Even when you forgive an offender, there is usually a pause between the hurt and the time when trust and love can take root again. A young married couple in my neighbourhood lived very happily for a couple of years. One day the wife came to know that her husband was having an affair with another woman. After a bitter quarrel, the husband went away leaving his wife and two children. After a week he came back seeking her wife’s forgiveness. Although she had not forgotten what he had done, she forgave him for his unfaithfulness.

Whatever the offence, our ability to forgive cannot be rushed. We need time to confront our hurt and to face our wounds head-on. Then only , are we ready to forgive. We often hear of fights between mothers-in-law and daughters-in-law. But one smart daughter-in-law began to ignore her mother-in-law’s harsh criticism repeatedly. One day the mother-in-law told her daughter-in-law, “I don’t think you take me seriously.” The daughter-in-law calmly said, “I don’t take all your criticisms seriously, but I take you seriously.” That was the beginning of a new relationship between them.

Love’s power

Almost all of us, sometime or other, have been deeply hurt, knowingly or unknowingly, by someone we love. They may be our parents, lovers, spouses, children or friends we trusted and cared about. If we feel the treatment we received was completely unfair or undeserved, it may continue to fester and leave us with a permanent scar unless we forgive the offender. Fortunately, love’s power to forgive is stronger than hate’s power to take revenge. By forgiving wrongdoers we bring fairness into this unfair world. If we do not forgive, our wounds can turn into hate.

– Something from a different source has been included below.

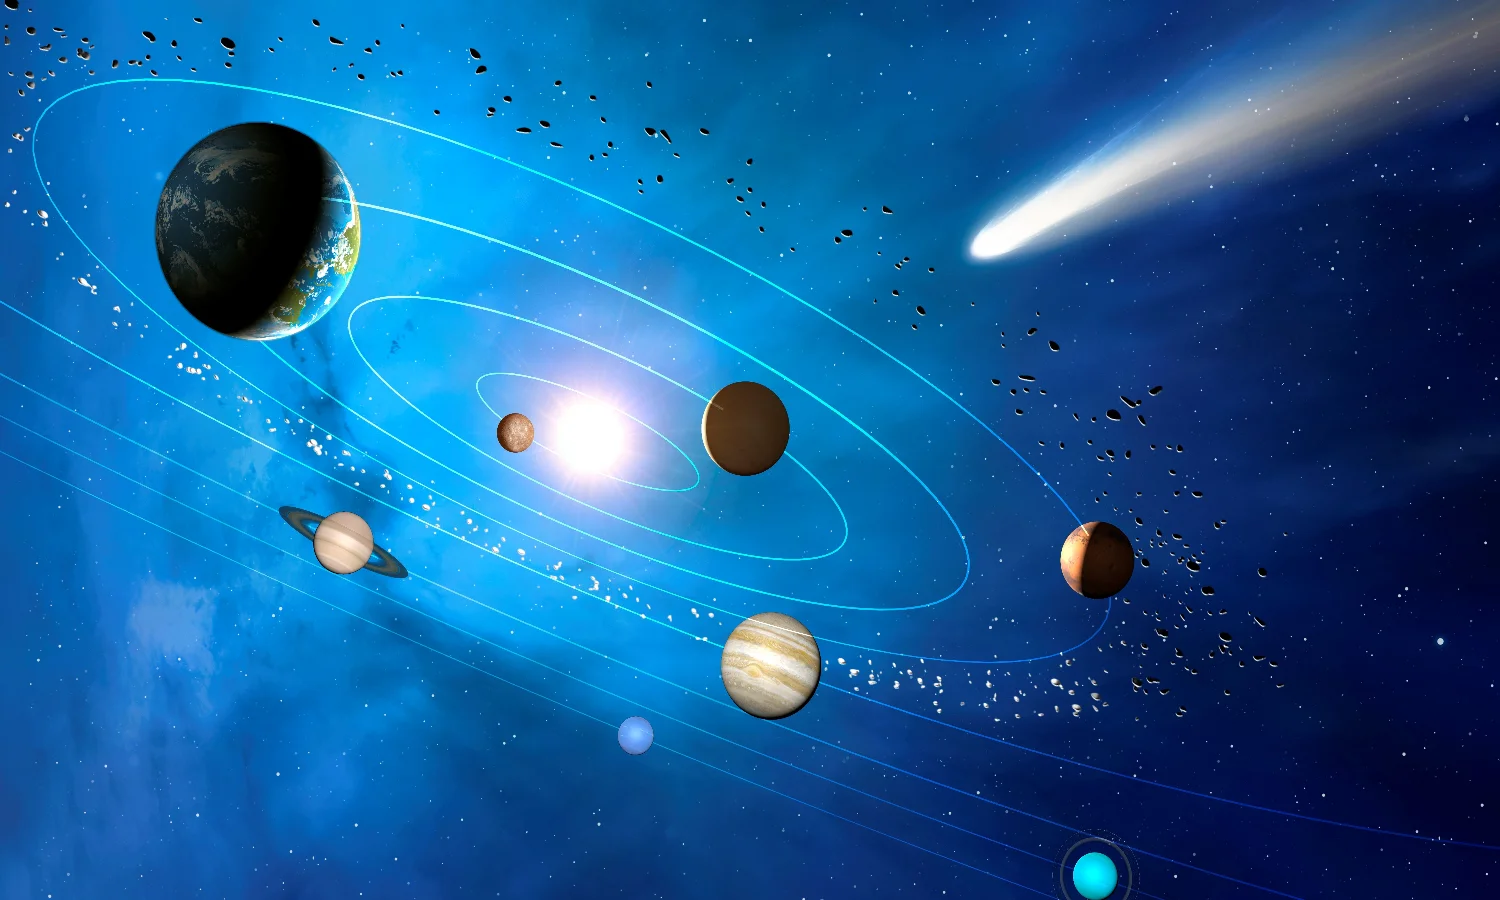 Ketahui Proses Terbentuknya Planet Di Sistem Tata Surya, Berikut Penjelasannya!

There are certain misconceptions about the art of forgiving. Does forgiving someone mean losing your dignity? It is a myth. As the hate habit is hard to break, you have to be extra patient. Being human, all of us have our own brand of frailties. Therefore, you cannot expect others to be made in your image. Look around the world where people ask for an eye for an eye, or a tooth for a tooth. All of them will perish. As Mahatma Gandhi said, “If we insist on an eye for an eye, the whole world will be blind.”

Young people may not meet totally good or totally bad people. What is important is that there is no reason to be ashamed of human errors. A declaration of forgiveness may appear to be naïve, weak, utopian, and even outrageous. Many members of the Dexter Avenue Baptist Church endured harassment, threats, beatings and house-bombings in the 1950s. They met Rev. Martin Luther King Jr. for advice.

Rev. Martin Luther King Jr. reminded them what Jesus Christ had said, “Love your enemy.” We never get rid of an enemy by meeting hate with hate. We get rid of an enemy by getting rid of enmity. Those who forgive restore the self-worth to the offender. They experience such peace that they lose the urge to retaliate. Such people begin to live as freer persons, unshackled by the weight of the hurt.